Qualcuno si chiede se per caso tale caratteristica sia da valutare come essenziale o obbligatoria sempre al momento della ferma. La risposta è negativa, perché potrebbe capitare che il cane si trovi a ridosso della selvaggina e quindi debba fermare di scatto, non potrebbe farlo con morbidezza altrimenti rischierebbe lo sfrullo. Quando mi sono riavvicinato al bracco negli ultimi anni, osservando alcuni soggetti impegnati nelle prove ufficiali, sono spesso, molto spesso, rimasto sconcertato nell’osservare la loro andatura contraddistinta da un trotto secco, con movimenti meccanici.
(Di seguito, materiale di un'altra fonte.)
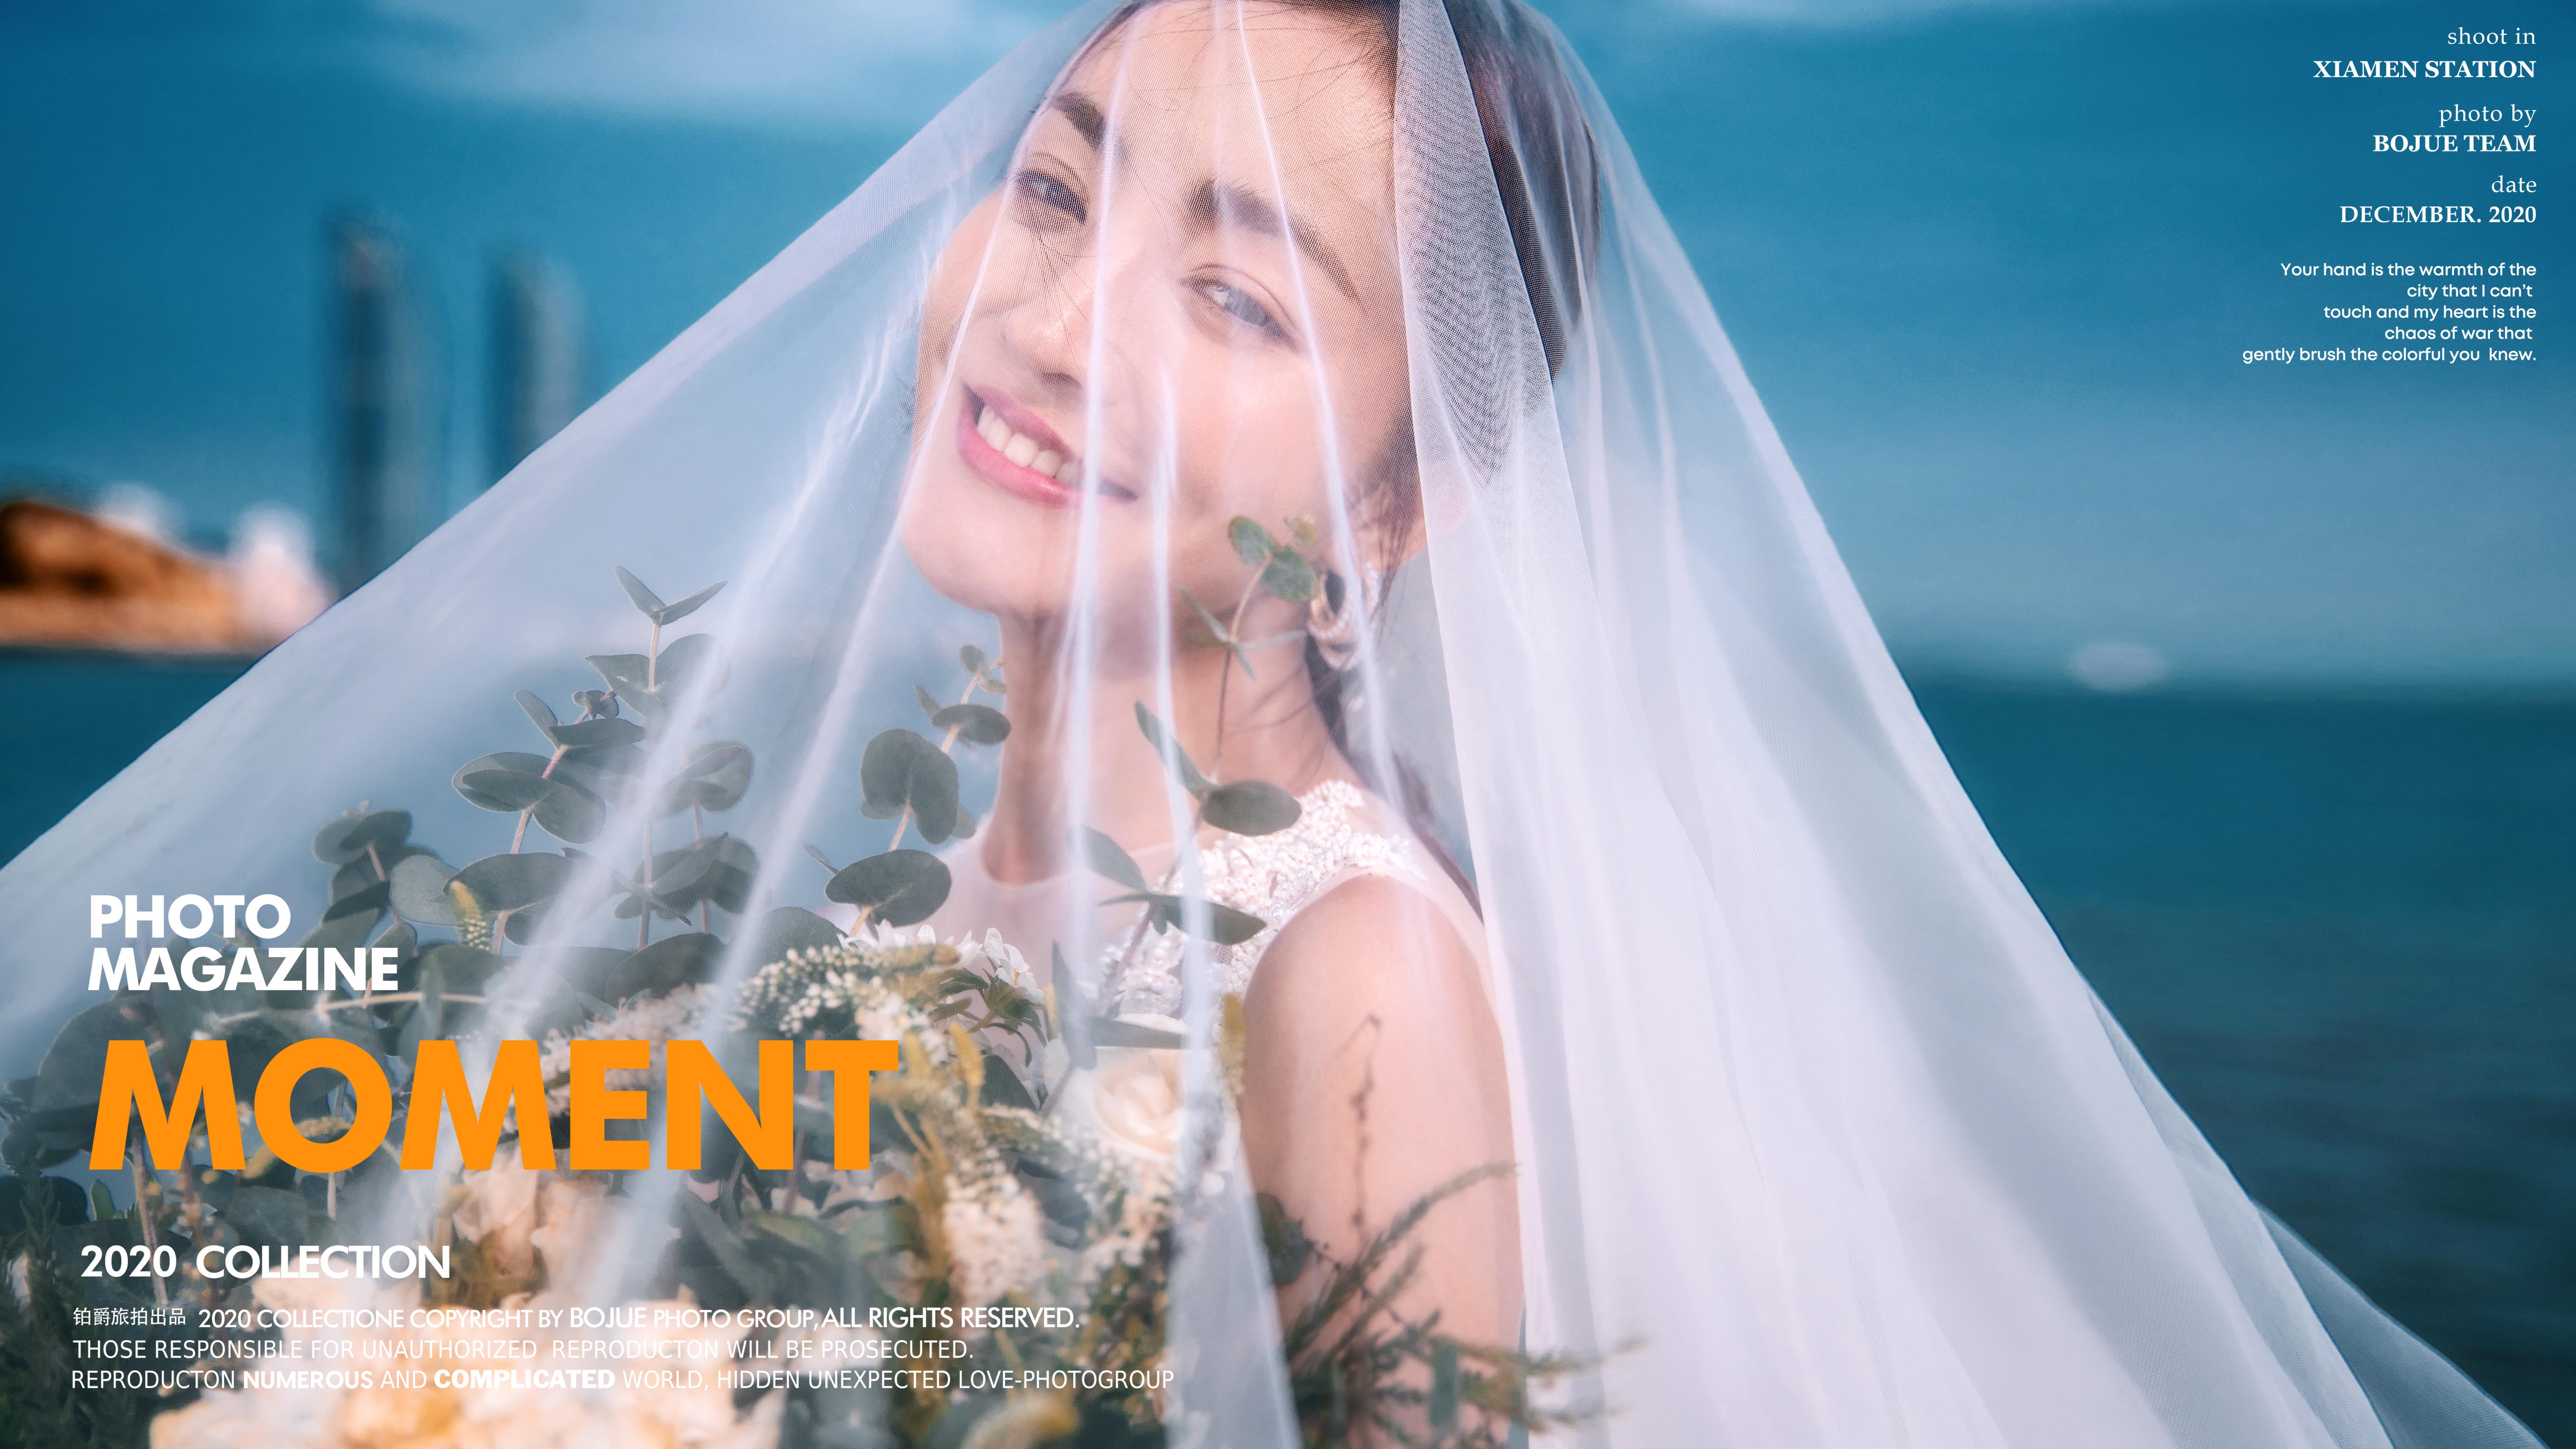 厦门婚纱摄影 厦门拍婚纱照1月份冷不冷?哪些地方好?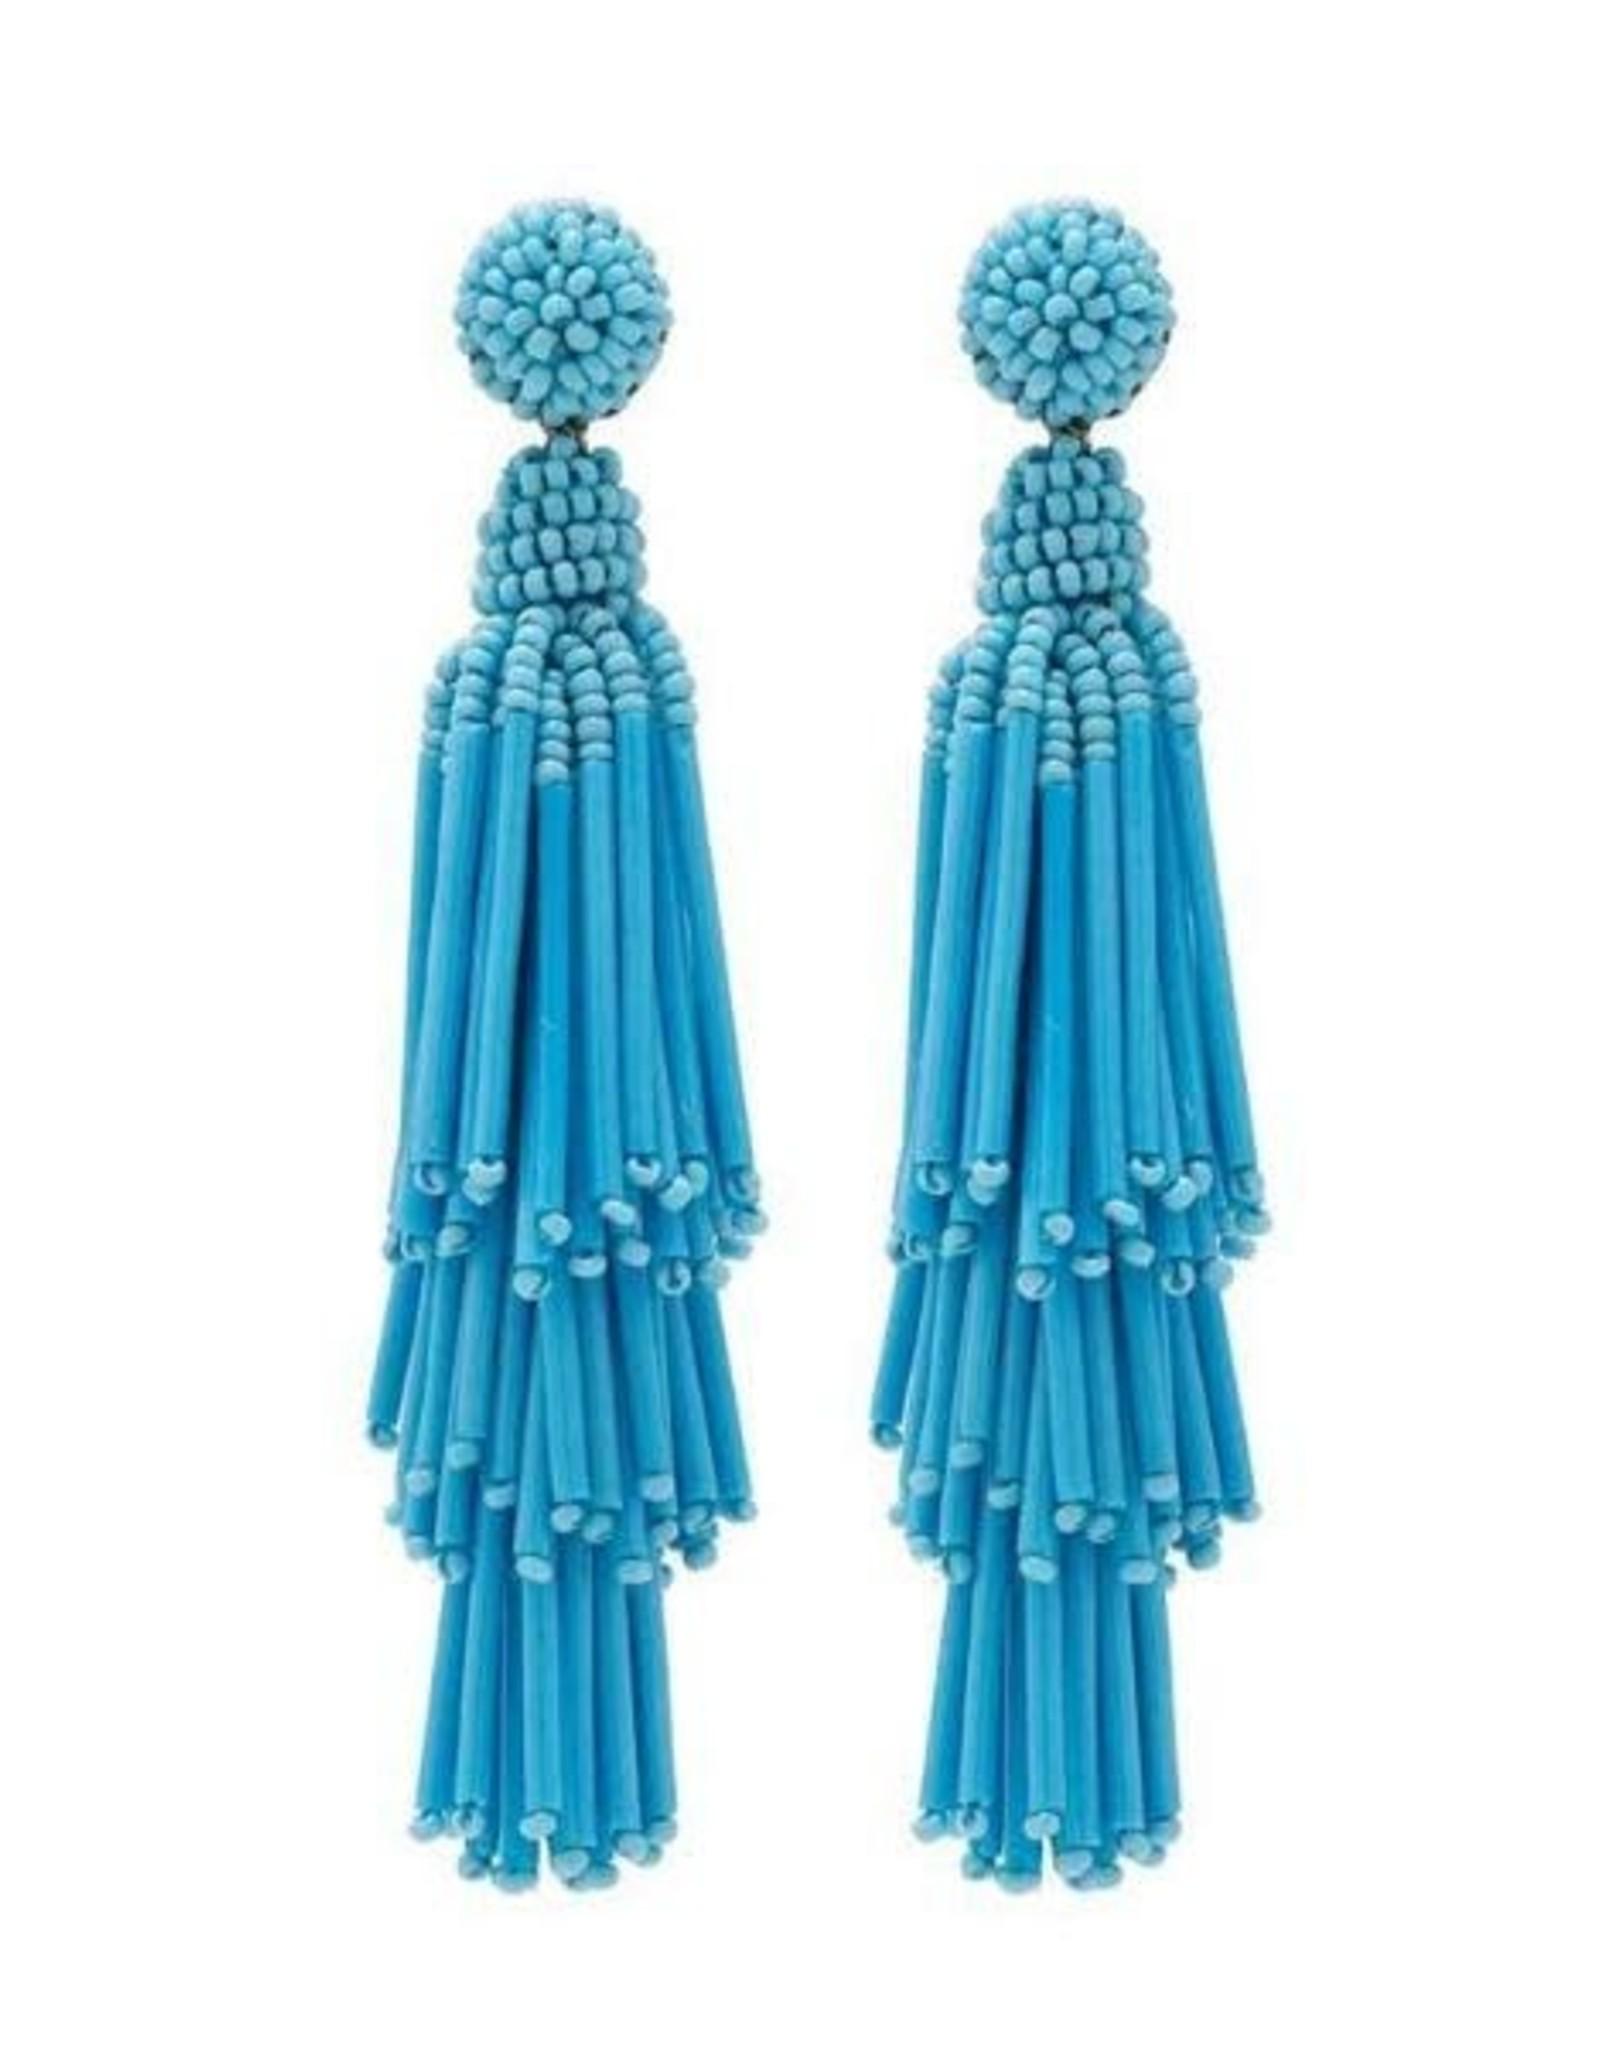 Deepa Gurnani Deepa Gurnani Rain Beaded Chandelier Earrings

Ad osservarli sembrava di vedere una registrazione portata avanti in modalità fast. Da profano lì non ho visto nulla che mi facesse pensare al bracco italiano mentre giudici, conduttori e allevatori sembravano piacevolmente colpiti e compiaciuti del lavoro fatto, contenti loro! Ho così avuto timore di riprendere un bracco italiano, timore di trovarmi tra le mani soggetti che per me sono snaturati e la cui andatura proprio non sarei riuscito a sopportare.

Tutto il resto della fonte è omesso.